INSTRUCTIONS FOR THE TASK >>
Reproduce the records word for word, apart from the images they contain.
+--
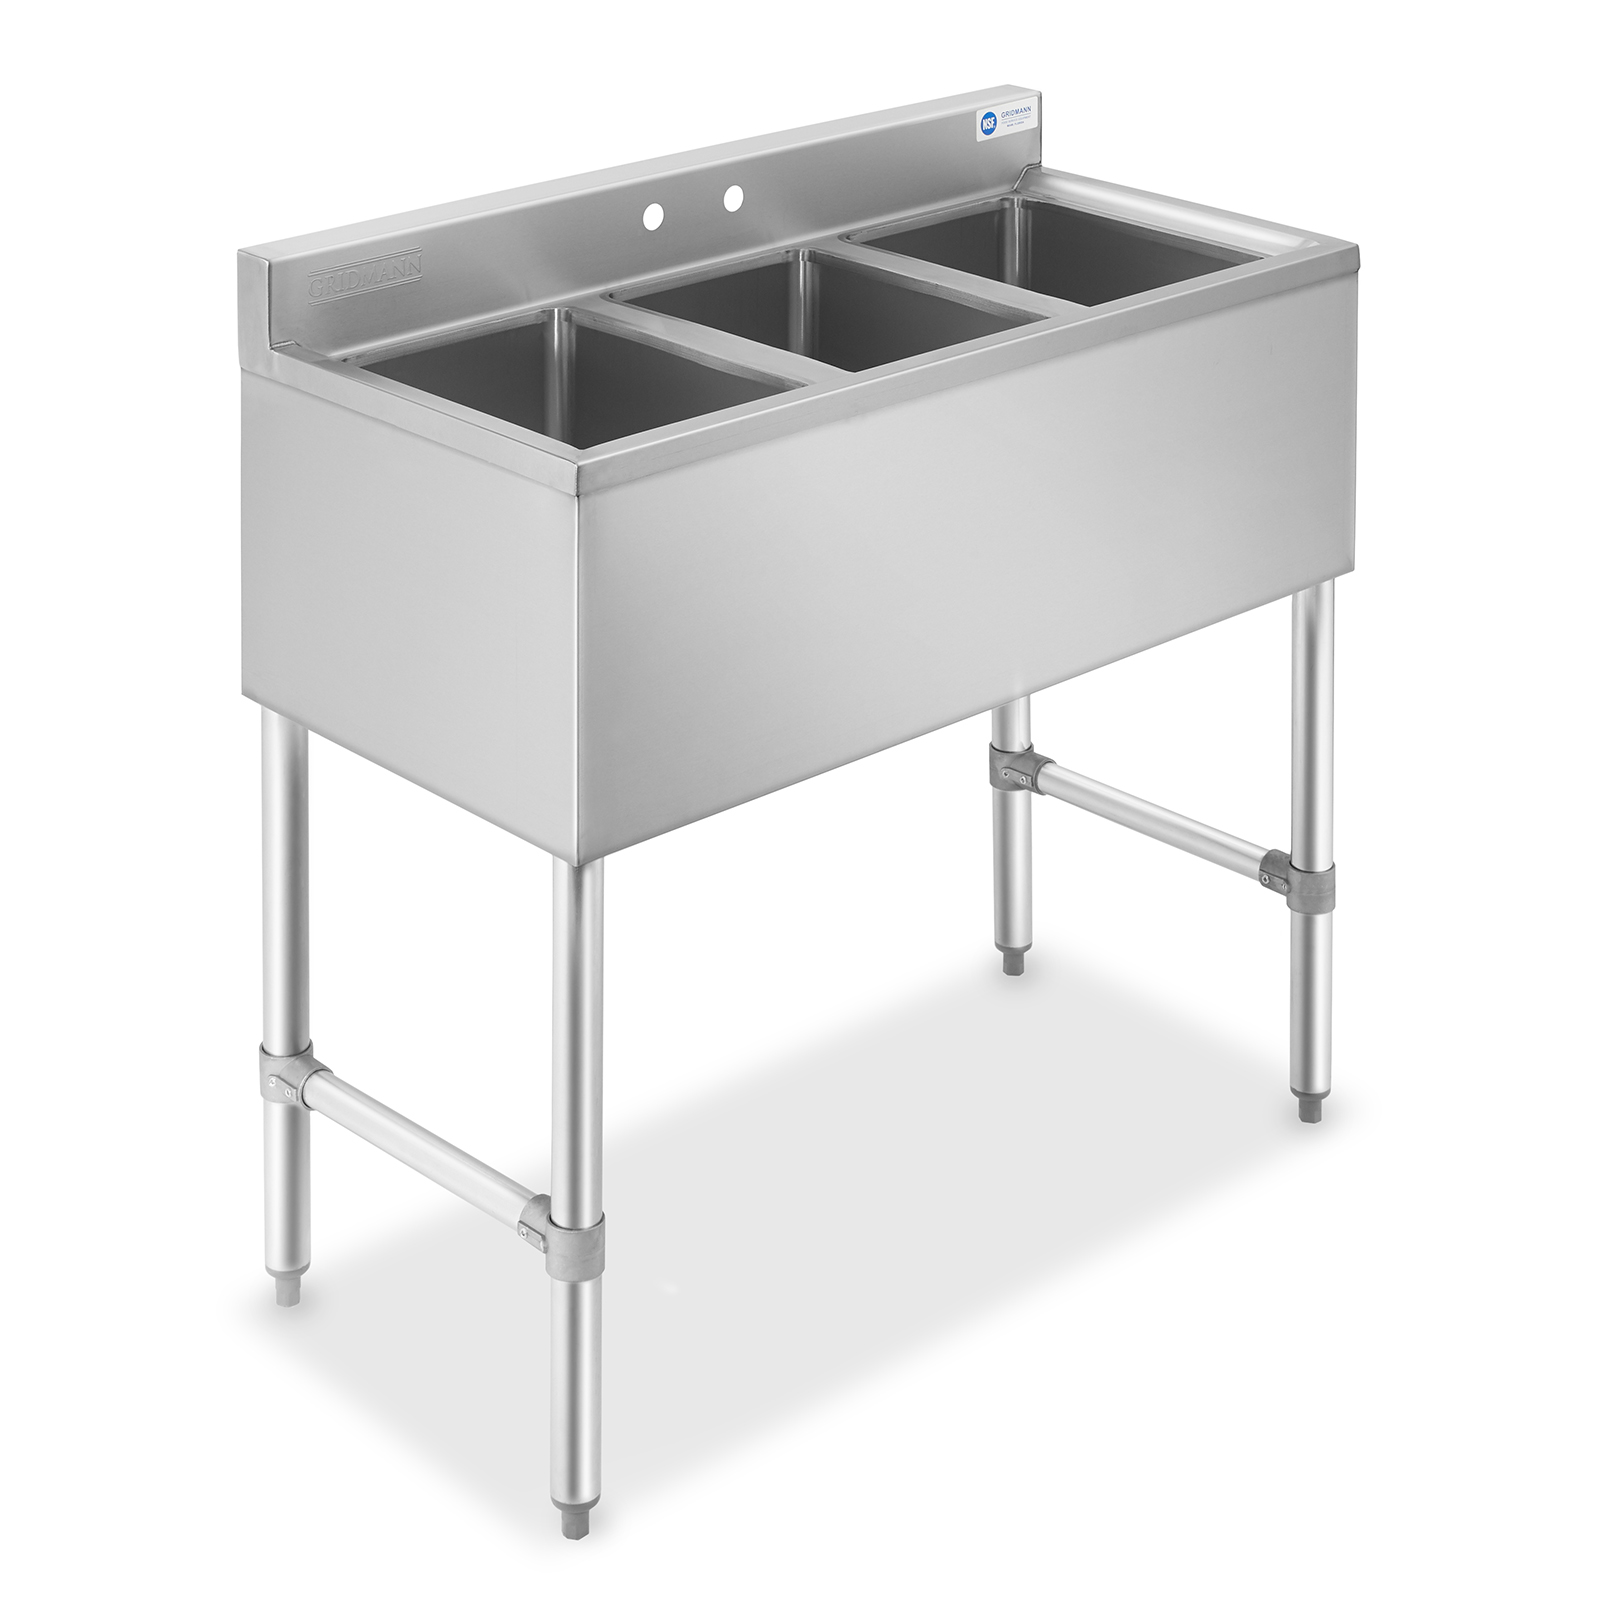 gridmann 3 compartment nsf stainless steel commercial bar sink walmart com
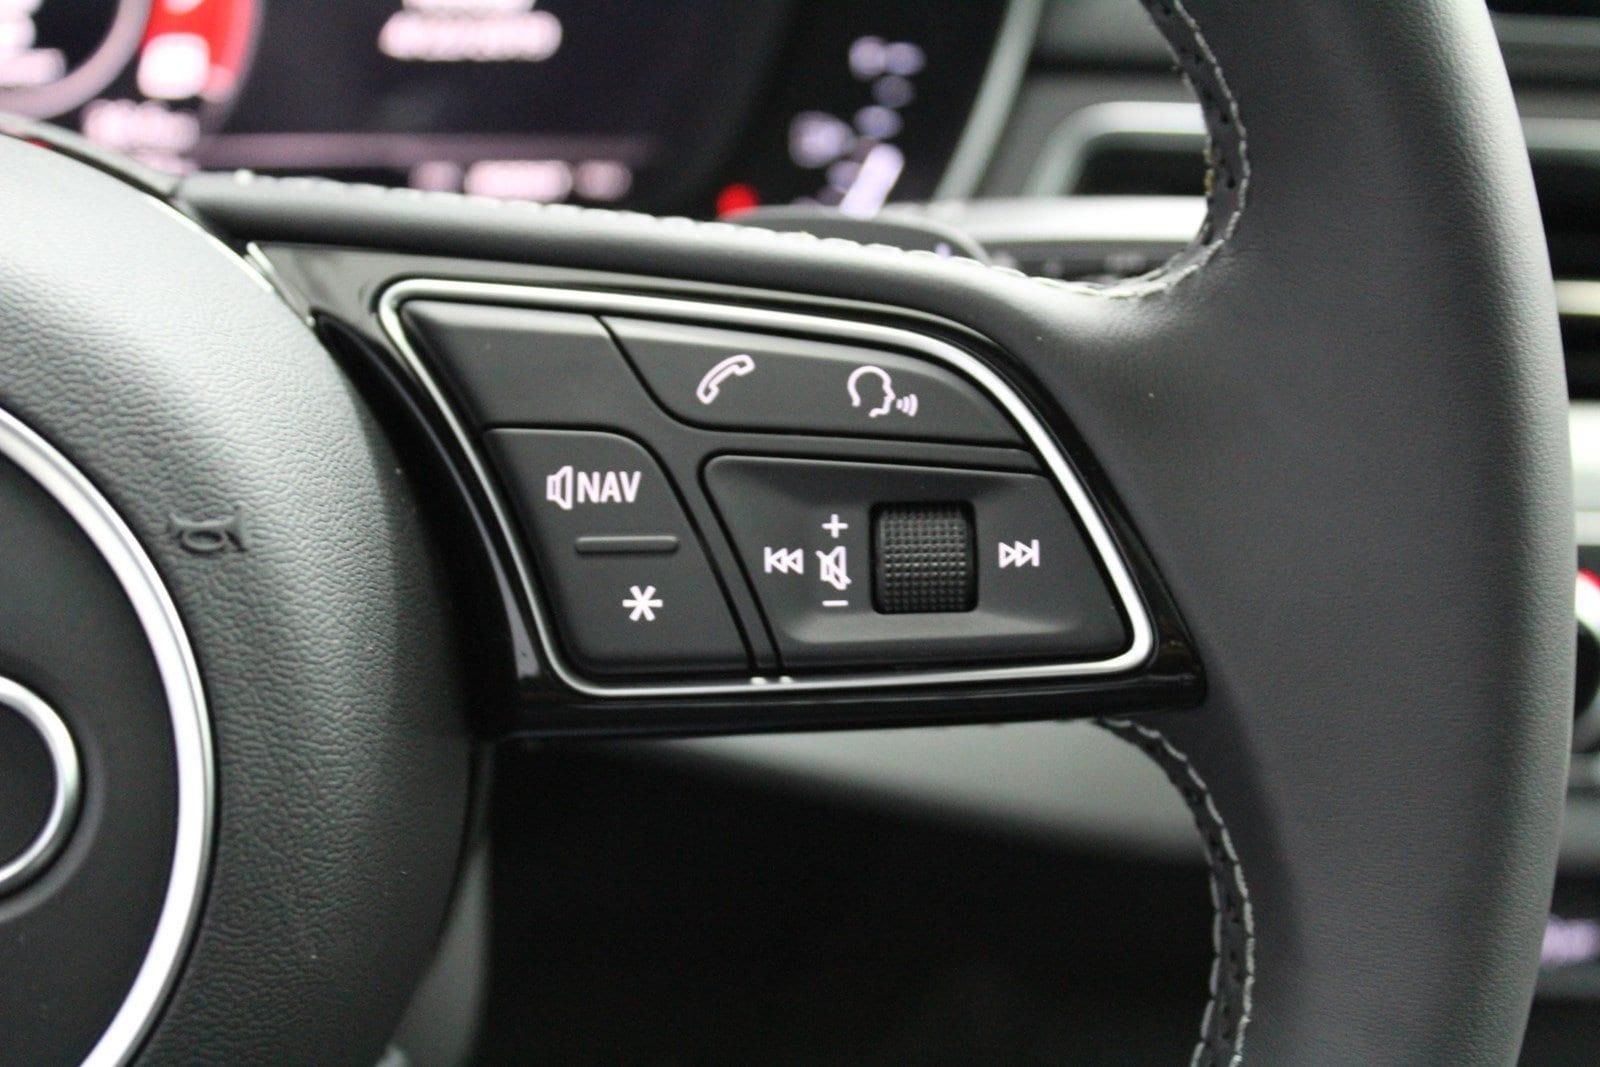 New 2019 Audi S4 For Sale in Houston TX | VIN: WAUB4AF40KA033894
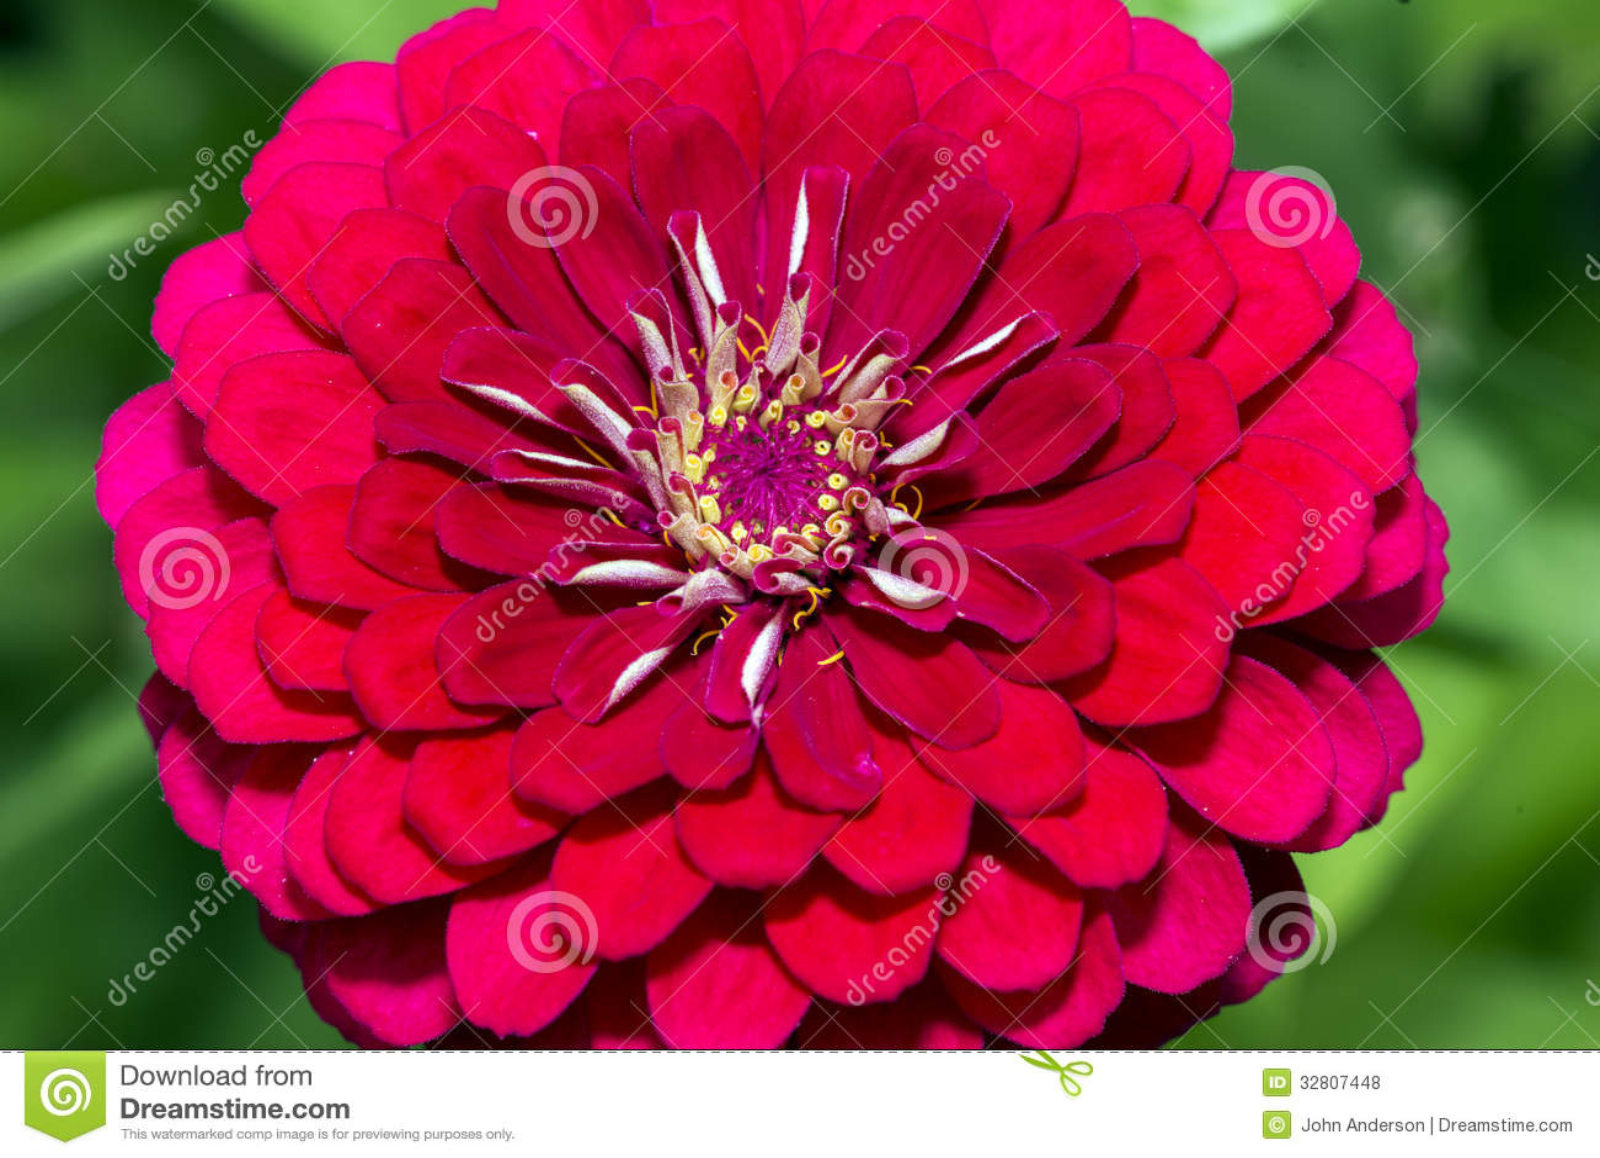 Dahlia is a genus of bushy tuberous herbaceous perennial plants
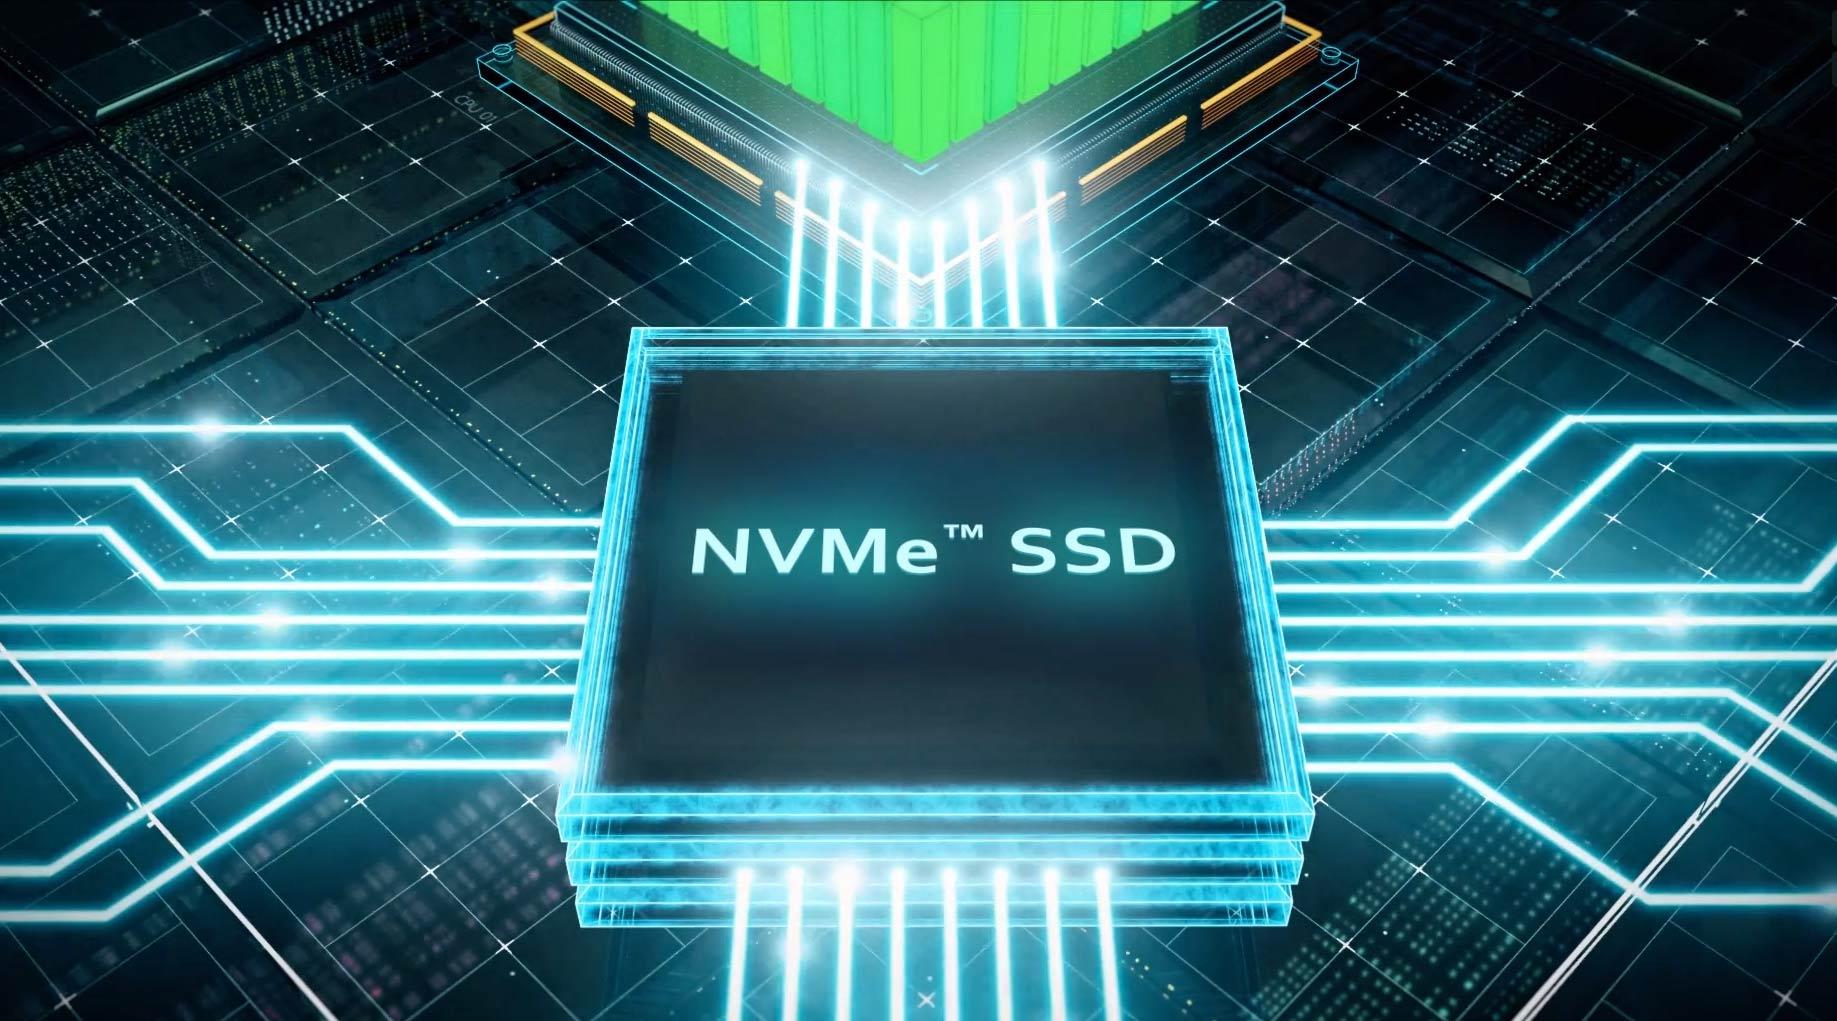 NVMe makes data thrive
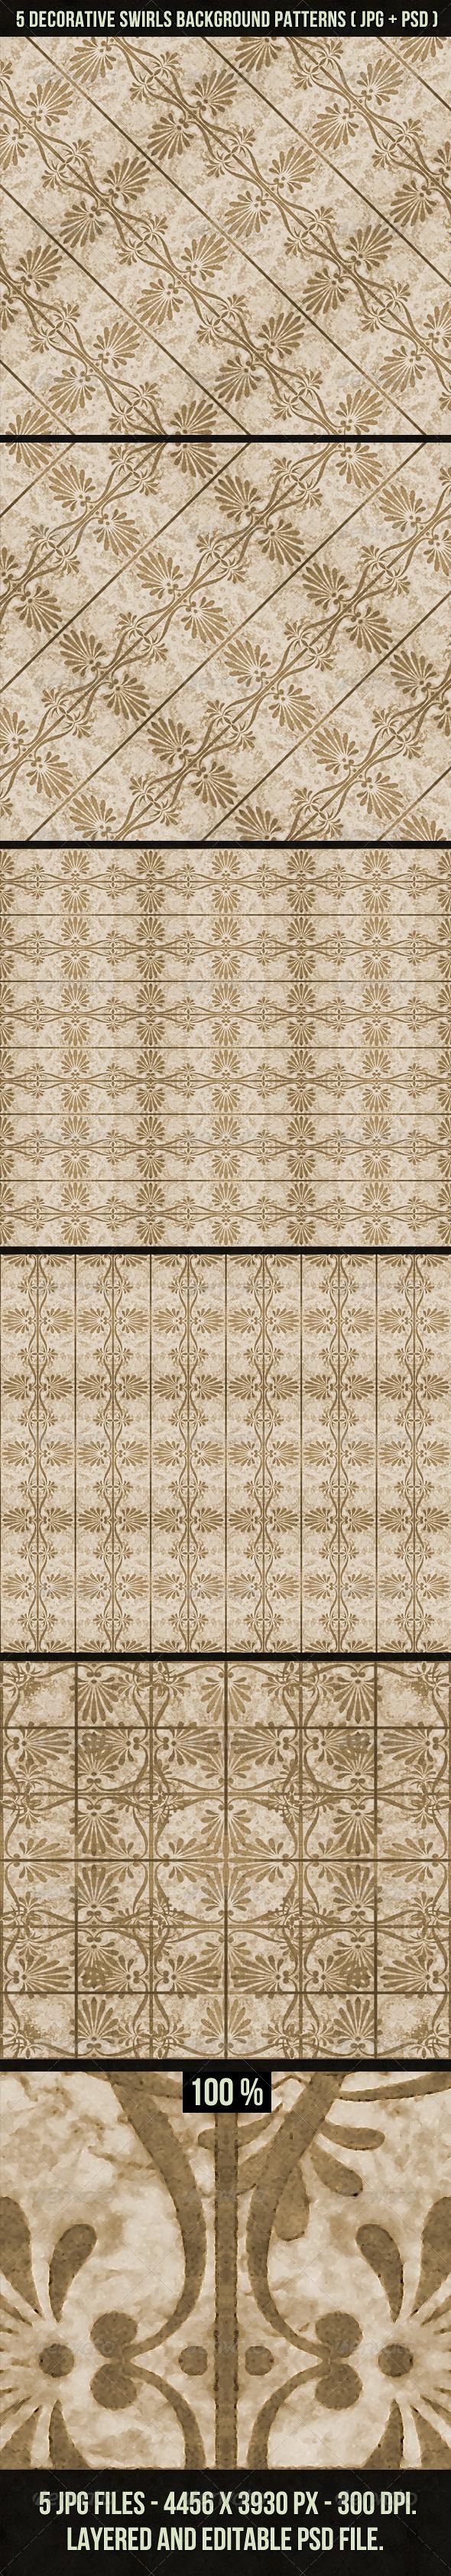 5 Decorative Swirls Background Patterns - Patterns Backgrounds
+--
ANSWER AREA >>
 gridmann 3 compartment nsf stainless steel commercial bar sink walmart com
 New 2019 Audi S4 For Sale in Houston TX | VIN: WAUB4AF40KA033894
 Dahlia is a genus of bushy tuberous herbaceous perennial plants
 NVMe makes data thrive
 5 Decorative Swirls Background Patterns - Patterns Backgrounds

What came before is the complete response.